No Brasil, esta tendência de valorização dos jogos também
vem sendo percebida. Só para citar o caso das Lan Houses, elas
passaram de 20 (vinte), em todo o Brasil, em 2001, para
200(duzentos).
Somos
obrigados a reconhecer, contudo, que as pesquisas neste campo não
tem acompanhado a velocidade das mudanças no universo dos jogos.
A pesquisa acerca dos jogos eletrônicos, no Brasil, ainda
encontra-se, ainda, em sua fase inicial de desenvolvimento.

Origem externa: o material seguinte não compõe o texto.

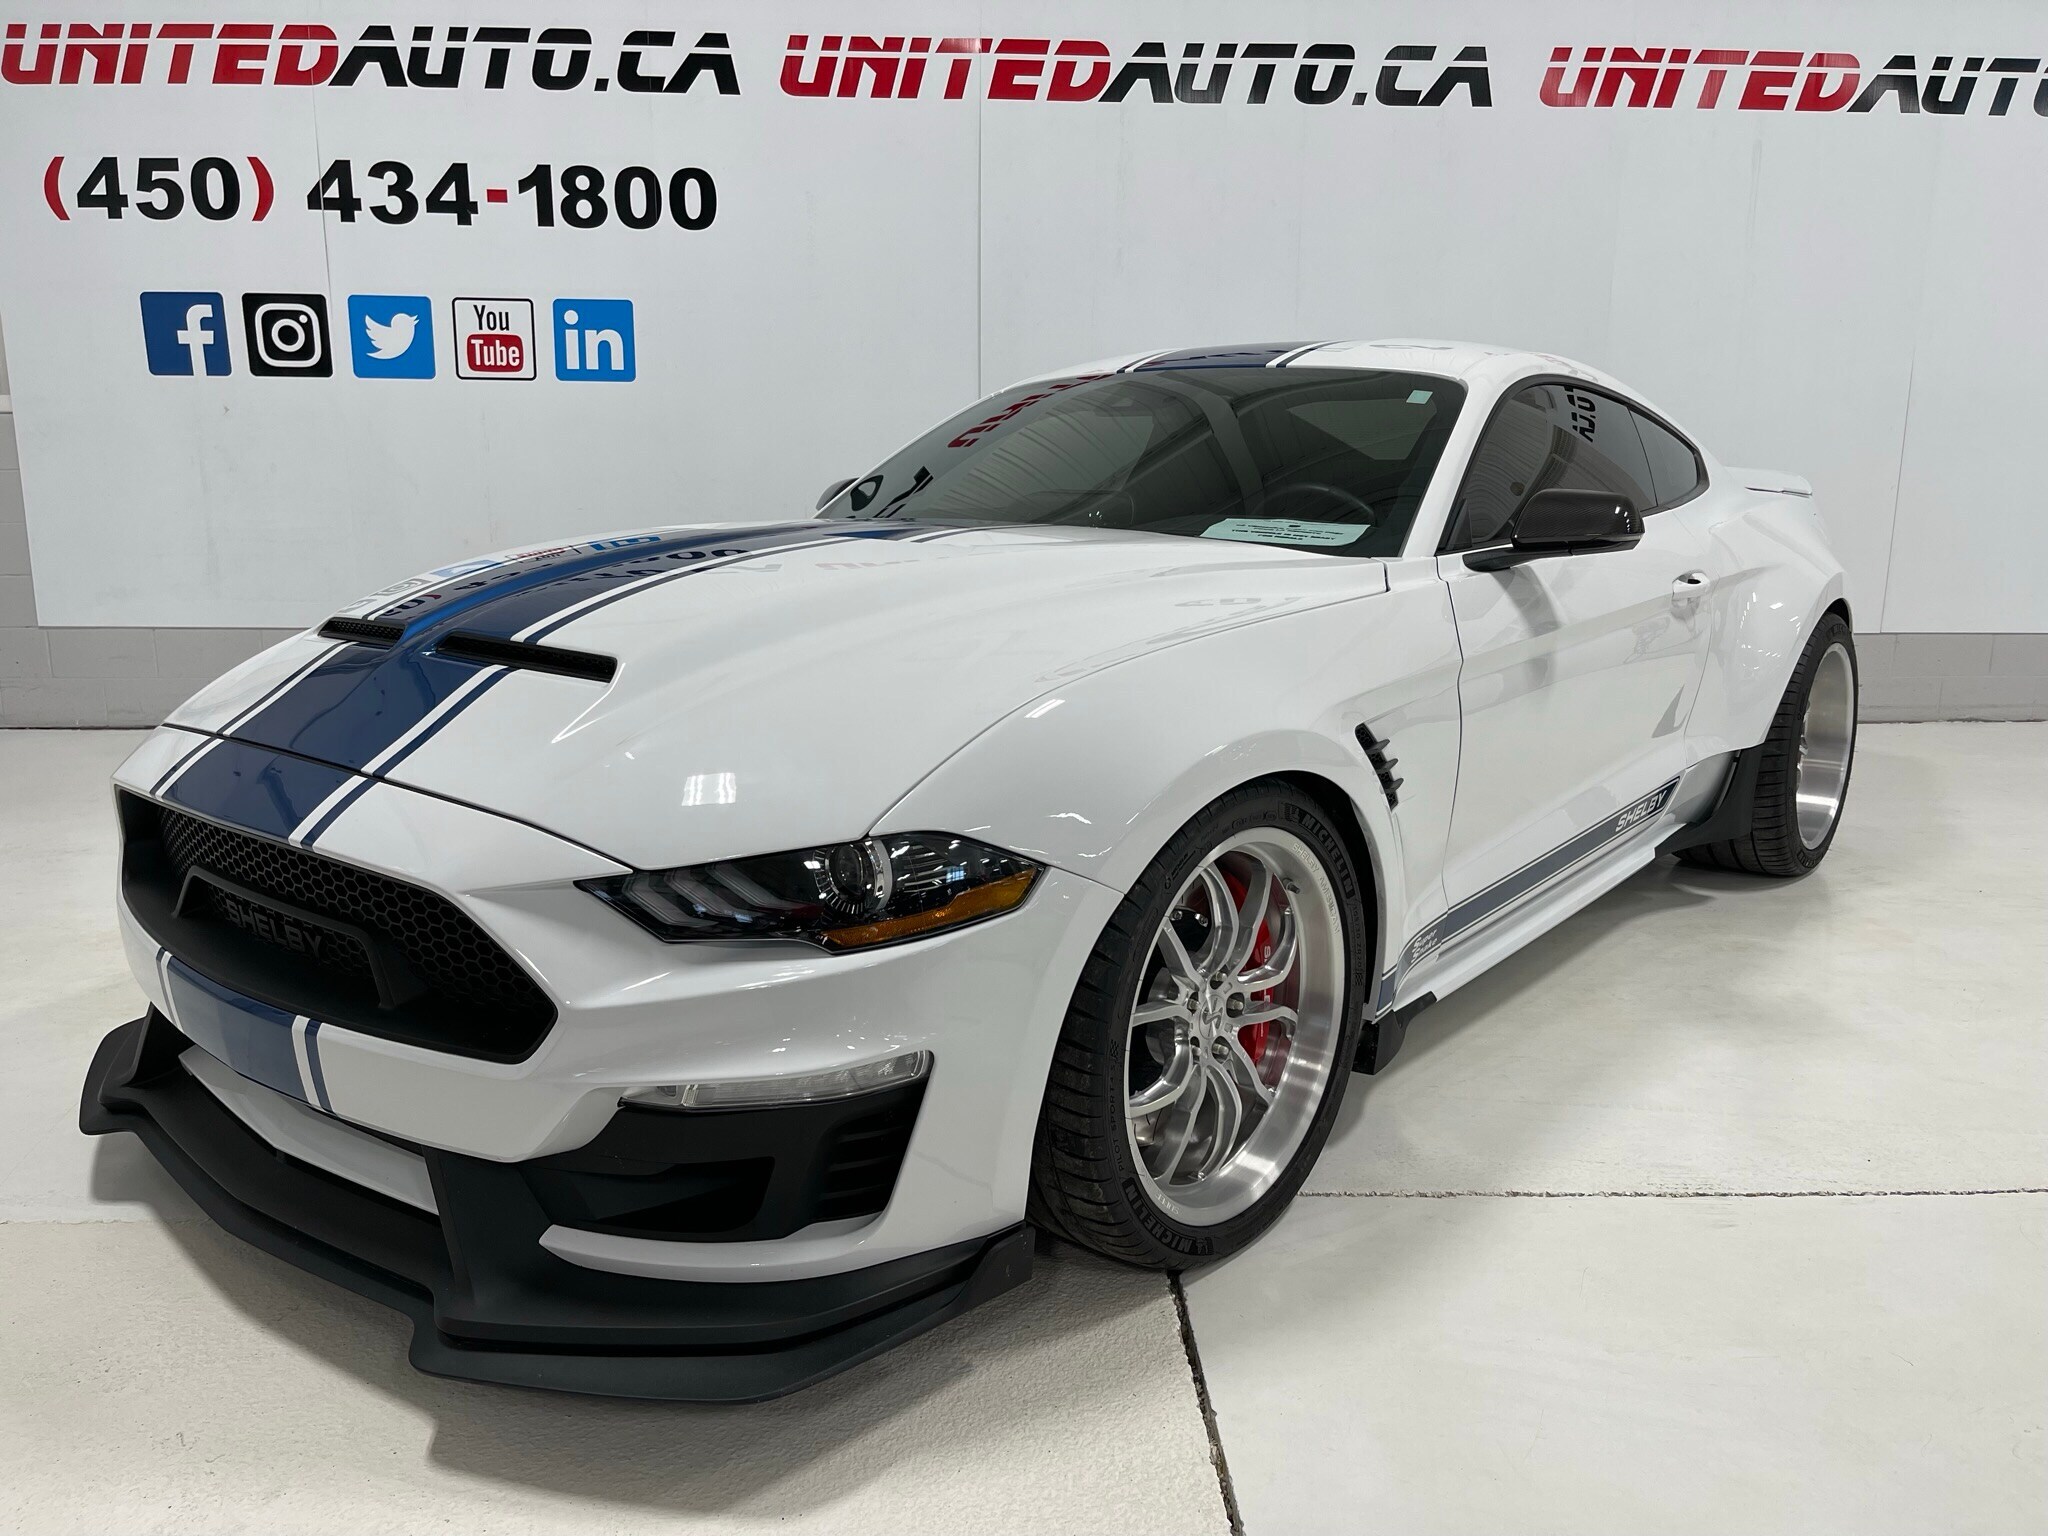 2020 Ford SHELBY **SUPER SNAKE 825 HP*WIDE BODY**

Segundo ALBUQUERQUE e SÁ (2000) tal universo ainda desperta muito
pouco interesse no meio acadêmico São raros os estudos nesta área,
o que confere originalidade à pesquisa aqui apresentada.
É
importante observar que existem visões diferenciadas na academia
quanto à importância e significado de tais jogos “os vídeos
games e os jogos eletrônicos, se olhados por uma perspectiva
otimista, representam uma revolução cultural e uma forma
diferente de socialização; ensinam crianças e jovens a lidar
com a realidade virtual no ciberespaço. Sob uma perspectiva
pessimista, no entanto, observa-se que os conteúdos dos vídeos
games e dos jogos de computador são tremendamente violentos,
sexistas e racistas, podendo vir a levar a agressão,
dessensibilização, medo e até mesmo à destruição dos
processos mentais, das relações sociais e da cultura”.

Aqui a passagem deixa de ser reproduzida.